DNS routing policy at scale refers to the architectural insight that the choice of DNS routing policy becomes a load-bearing decision at CDN/edge scale — particularly when combined with persistent-connection protocols. At normal scale, routing policies (Weighted, Latency, Multi-Value Answer, Failover) produce similar operational outcomes. At extreme scale (millions of simultaneous connections, CDN edge fleets with many resolving nodes), the difference between returning 1 IP per query (Weighted) vs up to 8 IPs per query (Multi-Value Answer) determines whether traffic distributes or concentrates.

The bitdrift lesson

The canonical wiki production instance (Source: sources/2026-07-15-aws-bitdrift-scaled-121-million-grpc-connections-cloudfront):

Policy IPs per response Behavior at 121M devices
Weighted 1 All CloudFront edges resolve to same NLB per TTL → 80% 5xx
Multi-Value Answer Up to 8 Edges spread connections across all NLBs immediately → 0% 5xx

The key insight: adding more origins (2 → 6 NLBs) had no observable effect under Weighted routing because the policy still returned only 1 IP per query.
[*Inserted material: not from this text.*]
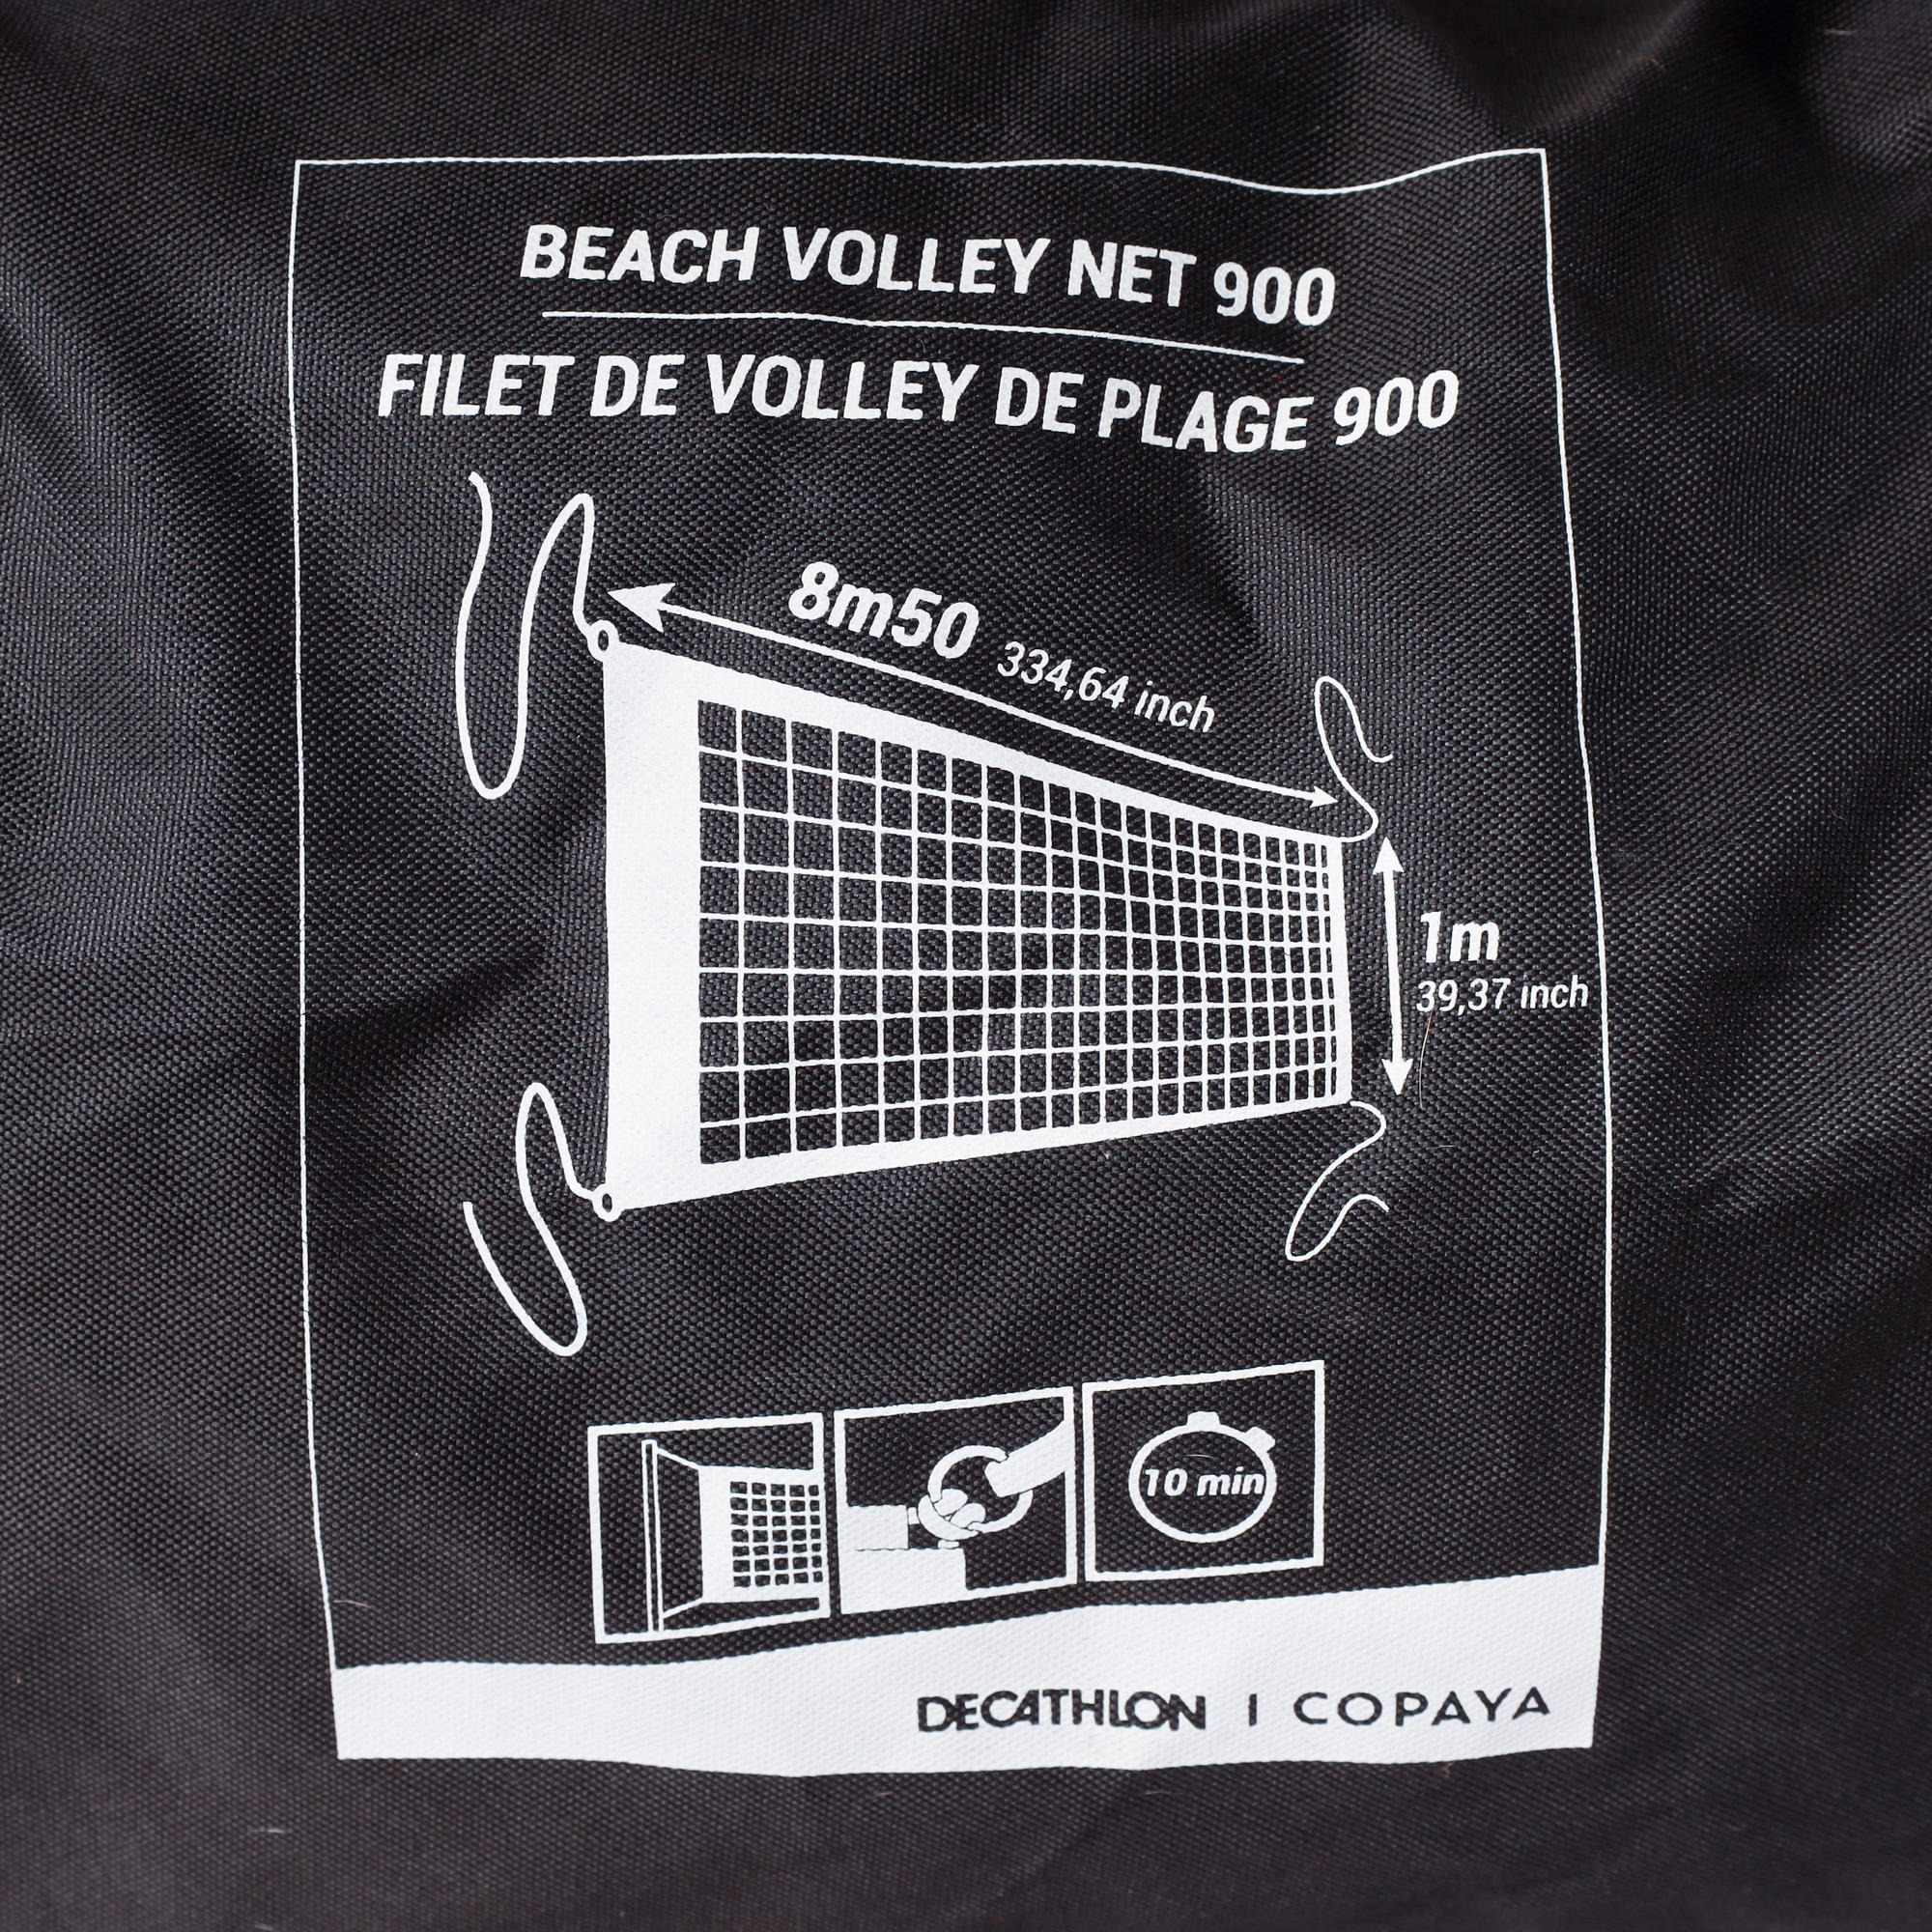 Beach Volleyball Net with Official Dimensions BVN900 3/12

The problem was not capacity — it was the routing policy's 1-IP-per-response semantic.

When this matters

This concept is specifically relevant when: 1. A CDN or edge fleet resolves your origin domain (many resolving nodes → all converge on the same answer). 2. The protocol uses persistent connections (gRPC, WebSocket) that accumulate rather than redistribute. 3. Traffic surges are sudden (live events, viral content) rather than gradual.

For short-lived HTTP behind a CDN, Weighted routing's single-IP response is usually fine because connections churn before the concentration becomes dangerous. See concepts/persistent-connection-amplification for why persistent protocols change this calculus.